## Action item
Once you reach the line with "Котёнок Сервал, дата" below, copy each line exactly, stopping after the line with "Mê mẩn đường", and skip any pictures.

## Data supplied
__________________________________________________

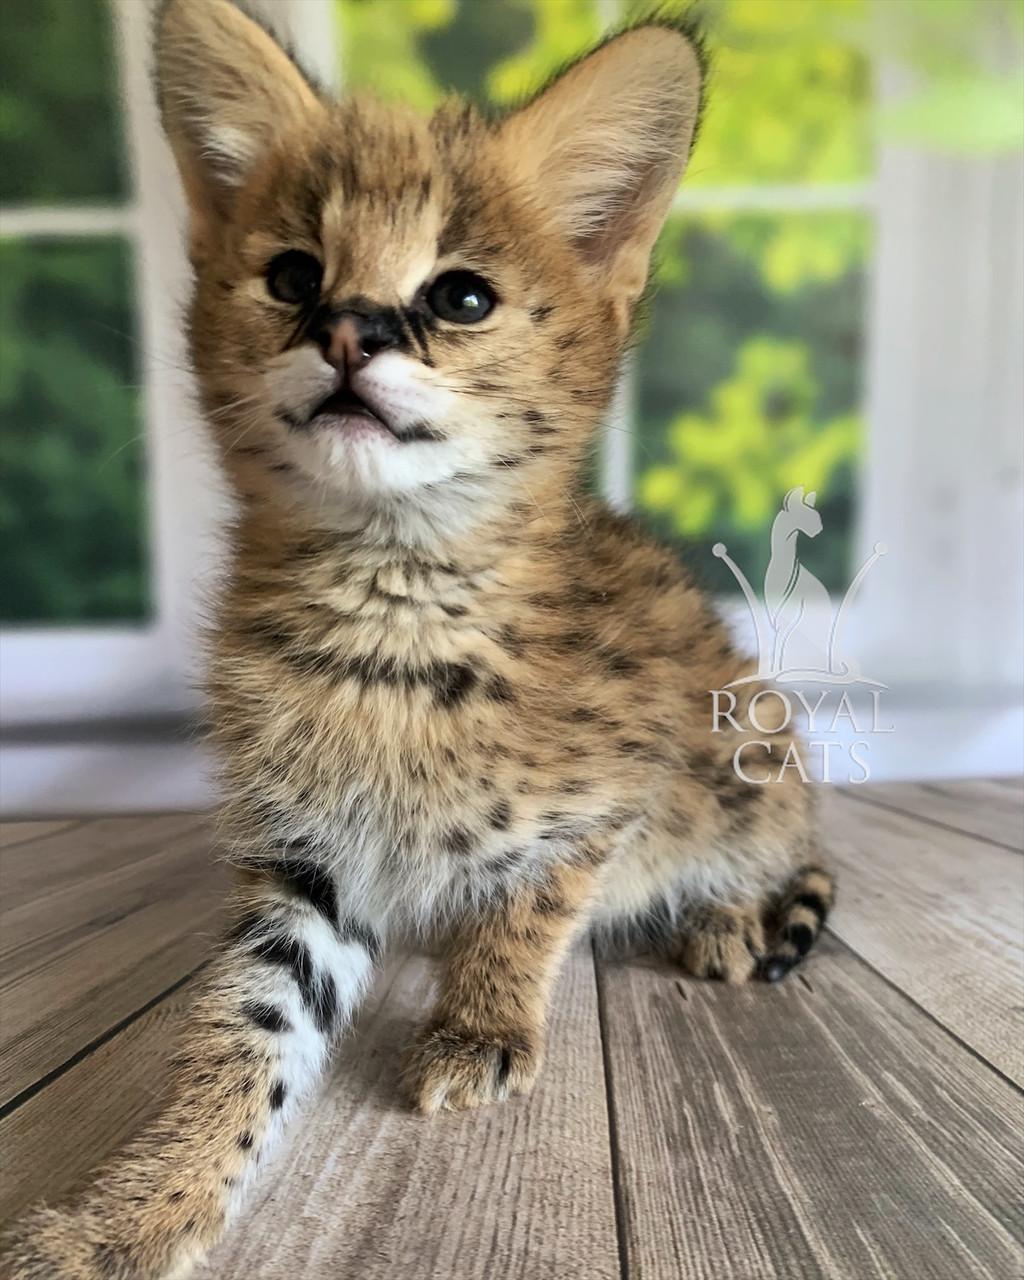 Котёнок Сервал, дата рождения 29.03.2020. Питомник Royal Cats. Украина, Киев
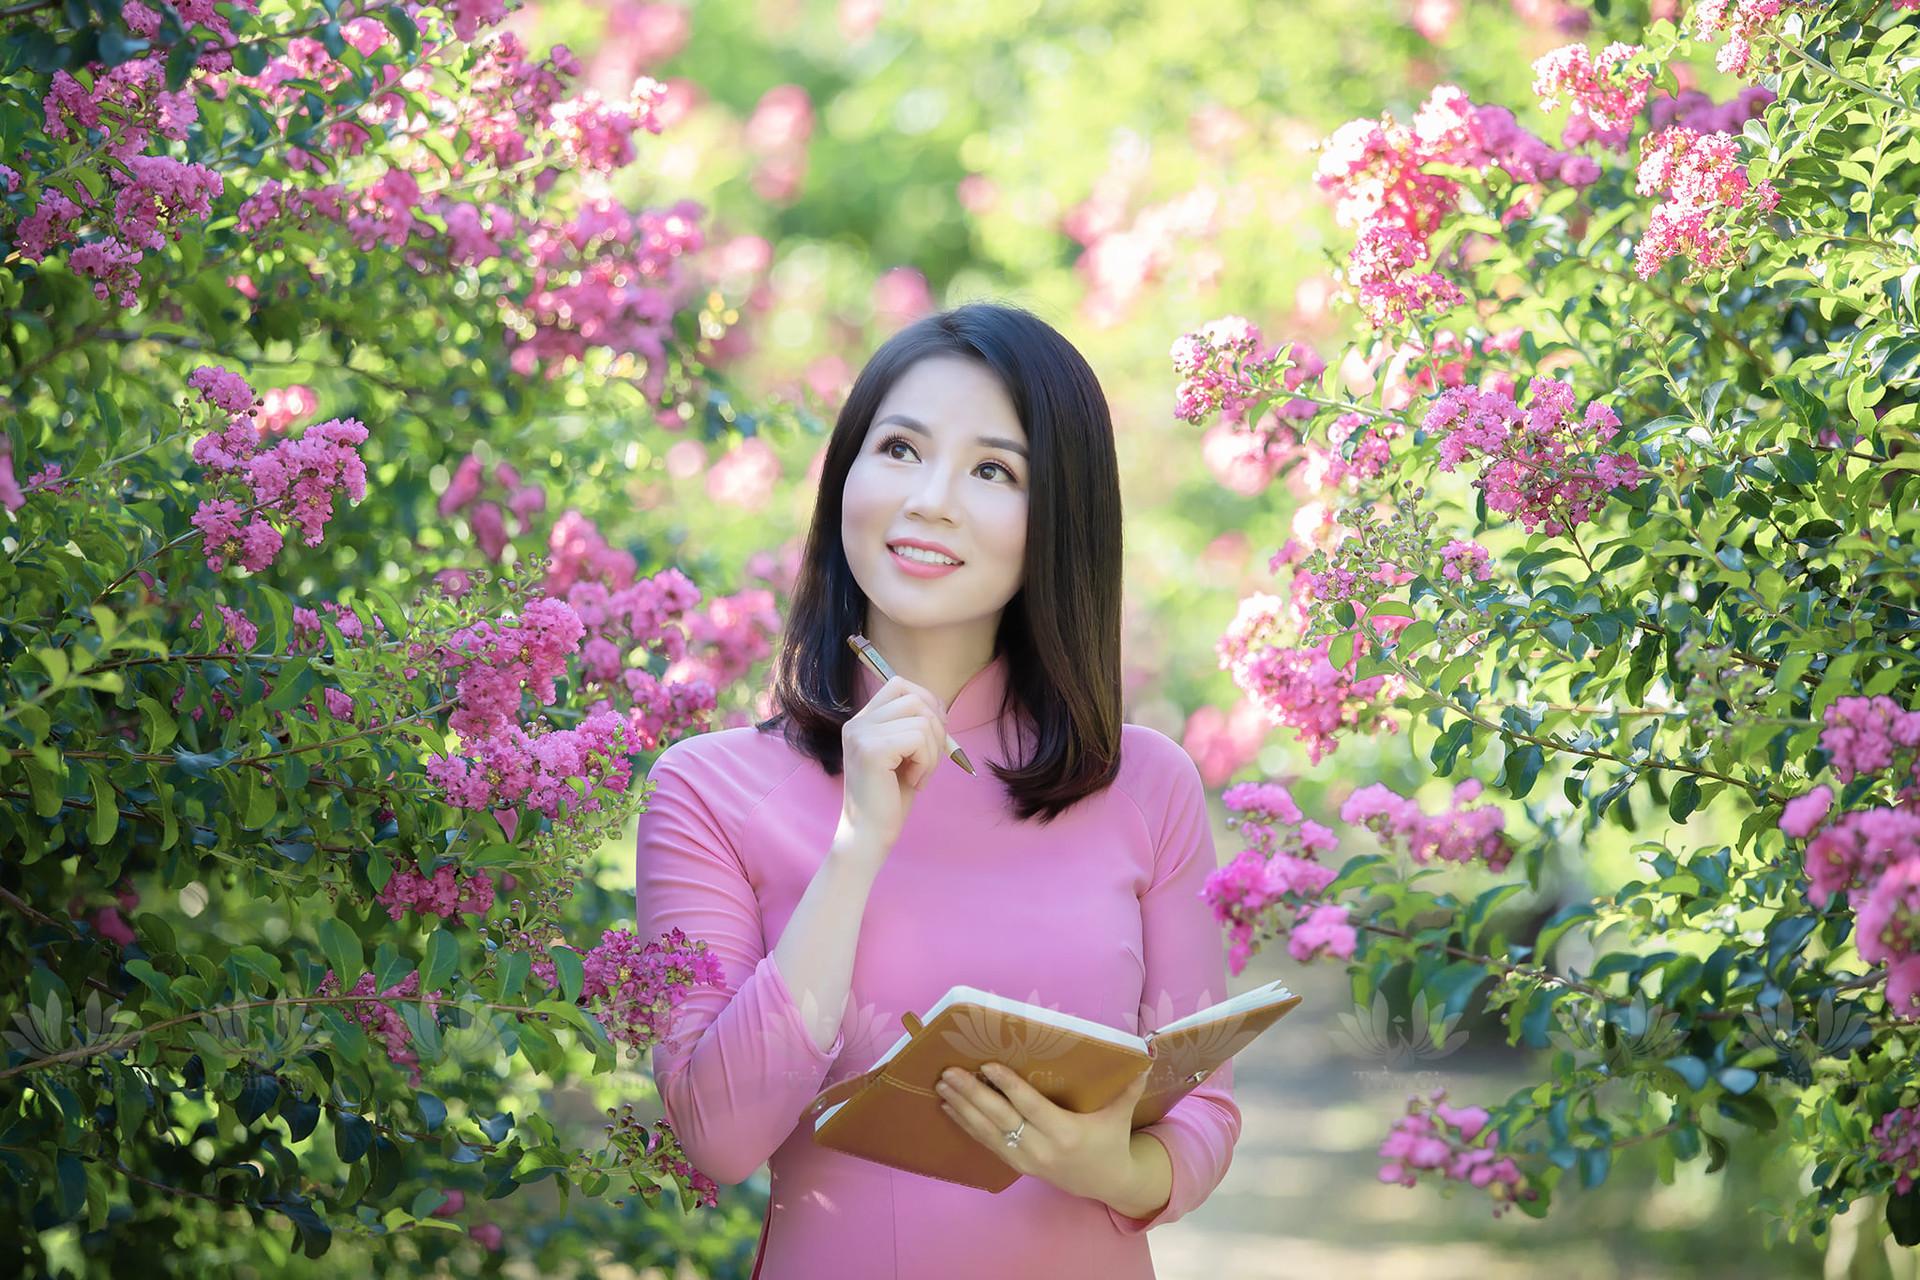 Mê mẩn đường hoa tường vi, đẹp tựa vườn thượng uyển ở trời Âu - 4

__________________________________________________

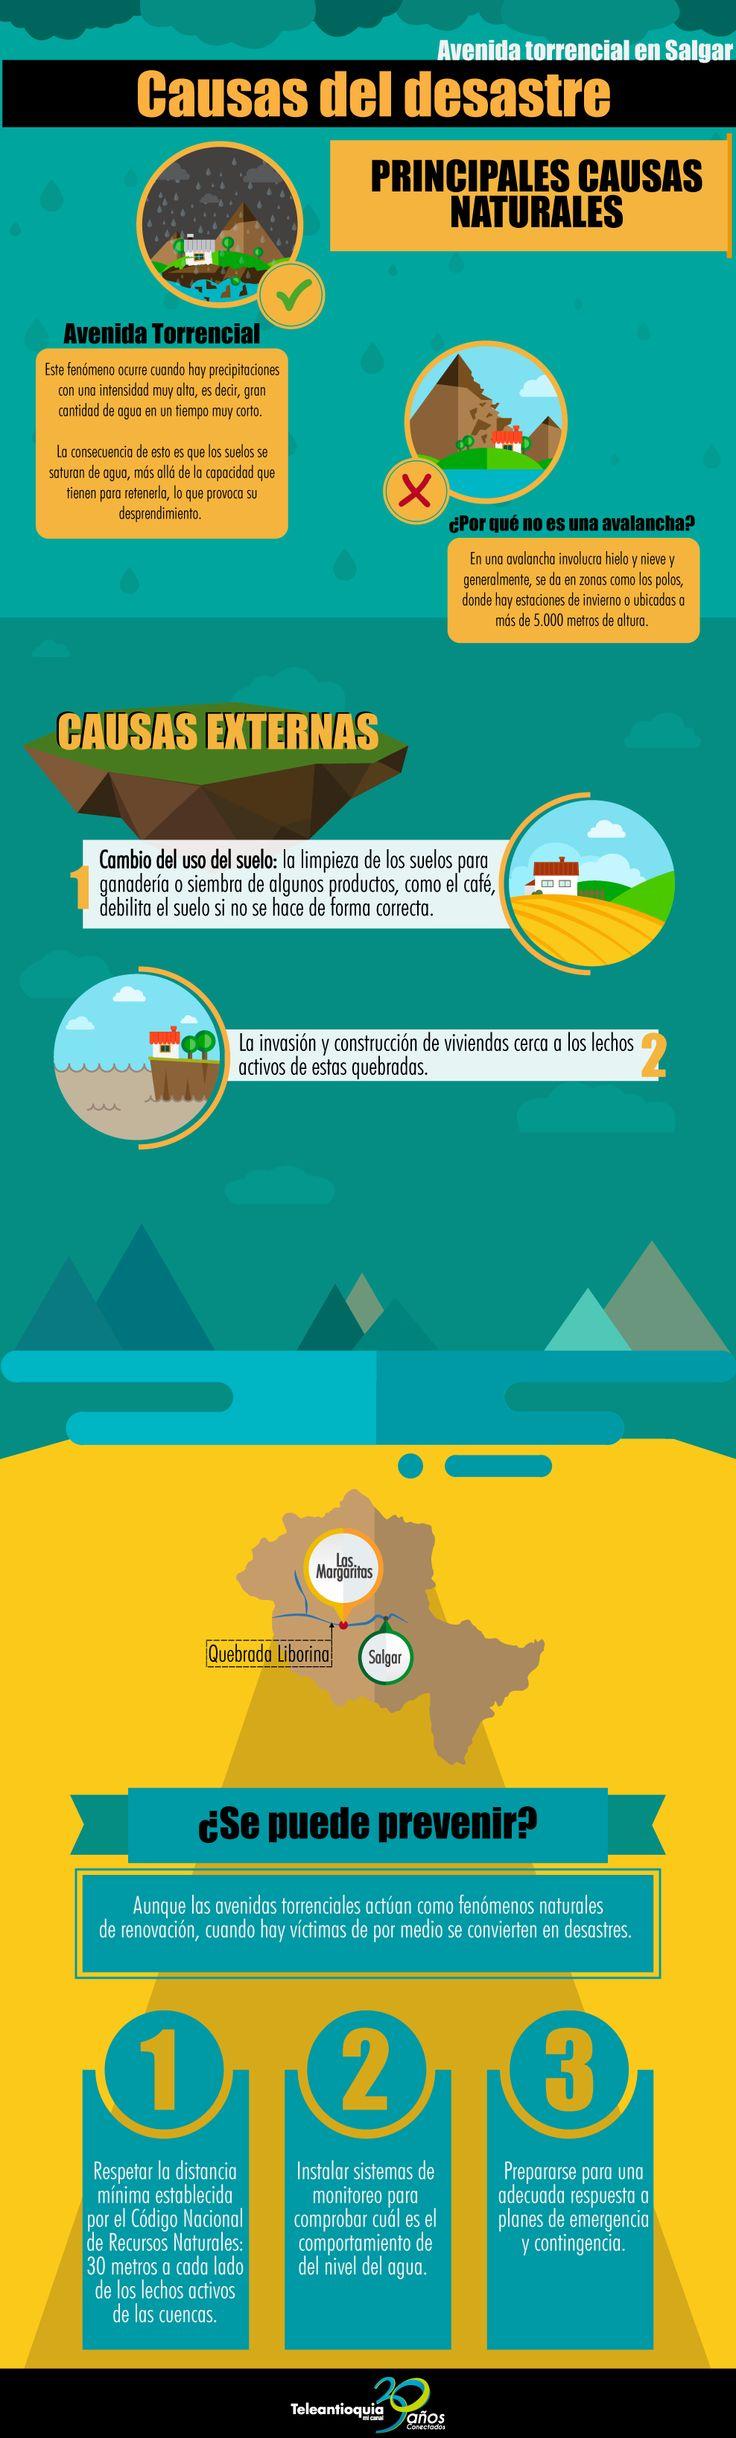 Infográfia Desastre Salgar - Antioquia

__________________________________________________

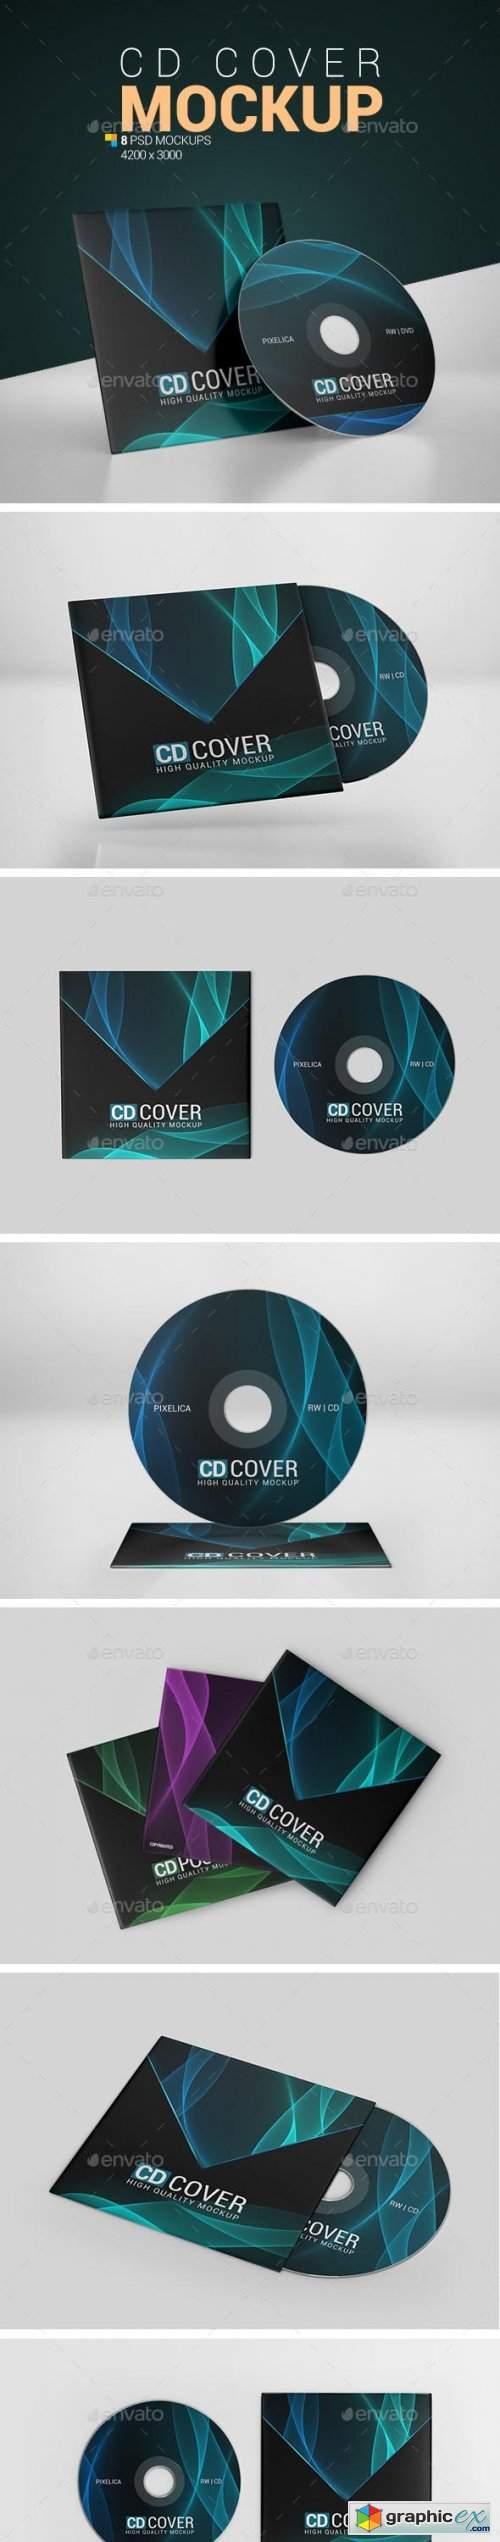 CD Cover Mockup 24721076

__________________________________________________

## Solved problem
 Котёнок Сервал, дата рождения 29.03.2020. Питомник Royal Cats. Украина, Киев
 Mê mẩn đường hoa tường vi, đẹp tựa vườn thượng uyển ở trời Âu - 4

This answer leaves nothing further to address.